Citing inside sources, Reuters (via Fortune) reports Stathakopoulos has been at work at Apple for about one week heading head up the company's corporate security operation, a position similar to the one he left behind at Amazon. At Apple, Stathakopoulos answers to CFO Luca Maestri and is responsible for securing corporate computers used to design and develop products and software, as well as systems storing sensitive customer data, the report said.
While the hire has not yet been confirmed, the publication does provide circumstantial evidence supporting its claims. A reporter who called Apple's switchboard asking to speak with Stathakopoulos was connected to a person who answered, "George's office," Fortune said.
According to Stathakopoulos' LinkedIn page, which still lists Amazon as his current employer, the security expert worked to "protect Amazon and its customers" against digital threats and directed the e-commerce giant's IT infrastructure.
Prior to joining Amazon in 2010, Stathakopoulos worked at Microsoft as an engineer, then as general manager of product security, a post that put him in charge of the Microsoft Security Response Center and Global Security Strategy & Diplomacy. Leading the two high-level teams required cooperation with governments on technical security issues and policy, the LinkedIn bio says. It is not clear if Stathakopoulos will be putting any of those skills to work at Apple, a company currently embroiled in a contentious court battle over consumer encryption rights.
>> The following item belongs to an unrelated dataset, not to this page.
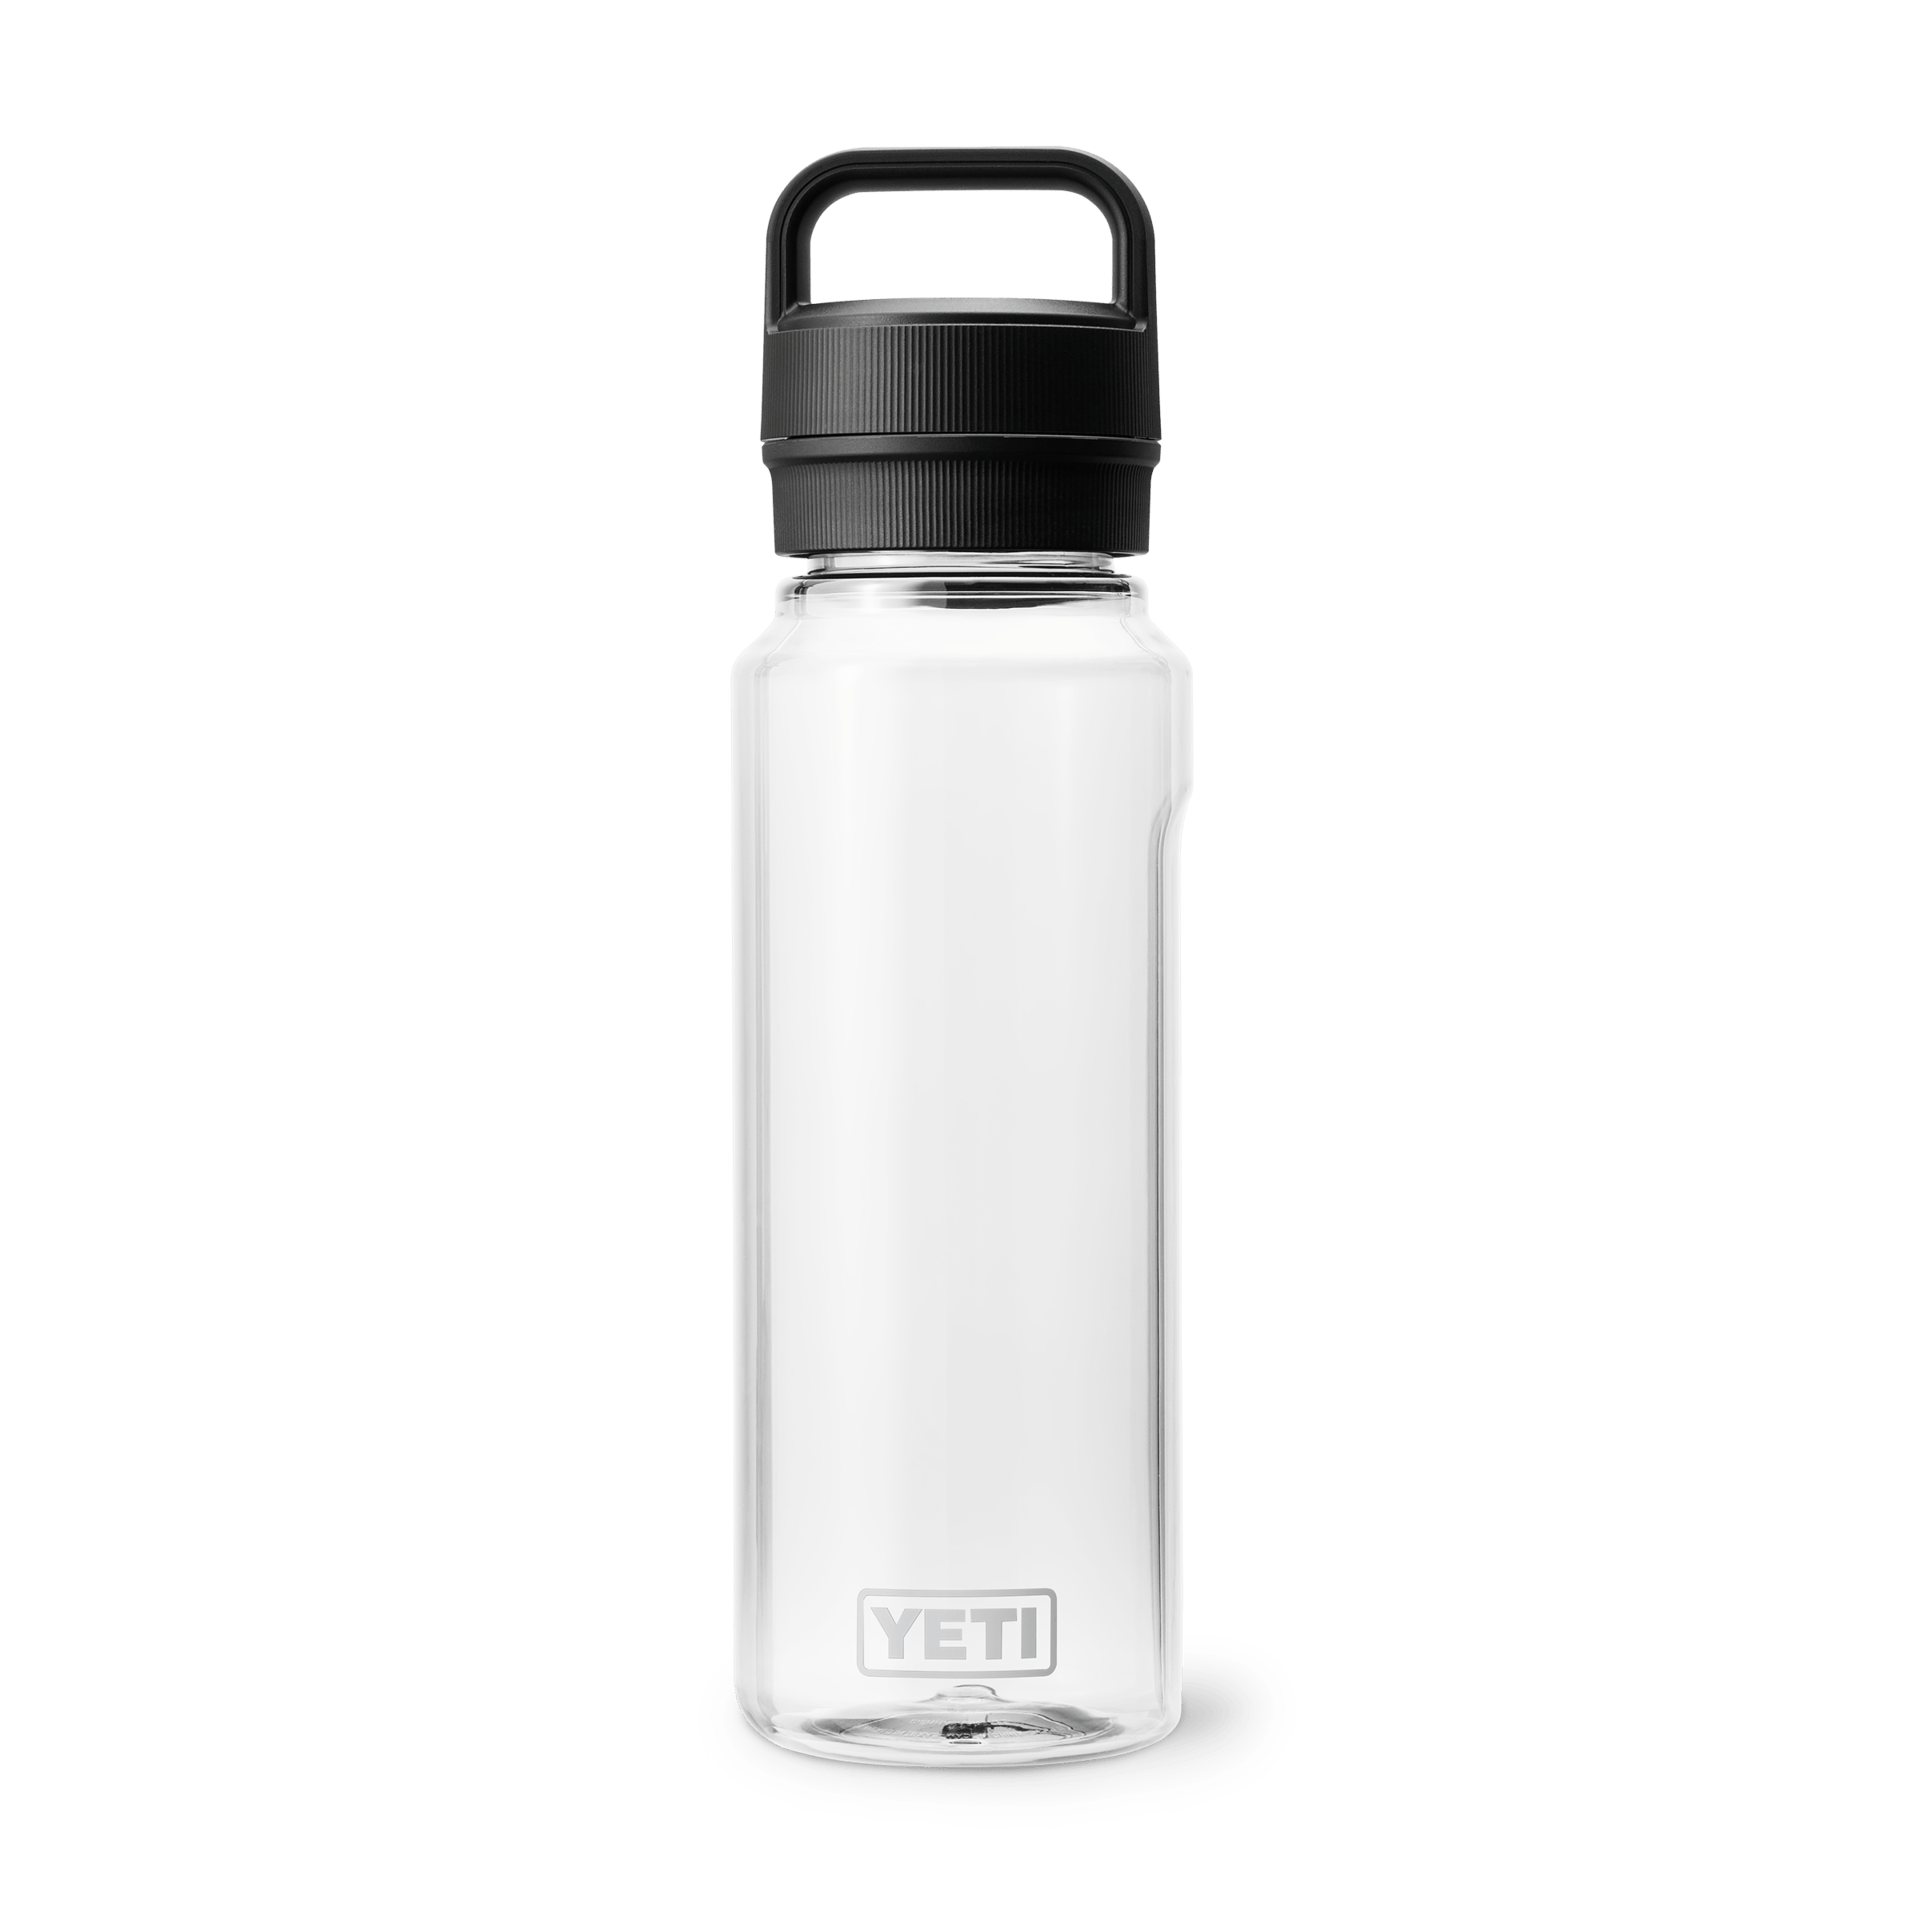 YETI Rambler 36 oz Bottle with Chug Cap - Black

Apple is challenging a federal court order compelling its assistance in unlocking an iPhone tied to San Bernardino terror suspect Syed Rizwan Farook. The Justice Department has requested Apple architect an iOS variant susceptible to brute-force attacks in hopes that investigators can access and extract potentially vital information from the device. The company is resisting, arguing government overtures not only amount to overreach, but could set dangerous precedent for future investigations. Apple and government prosecutors will meet in court next Tuesday.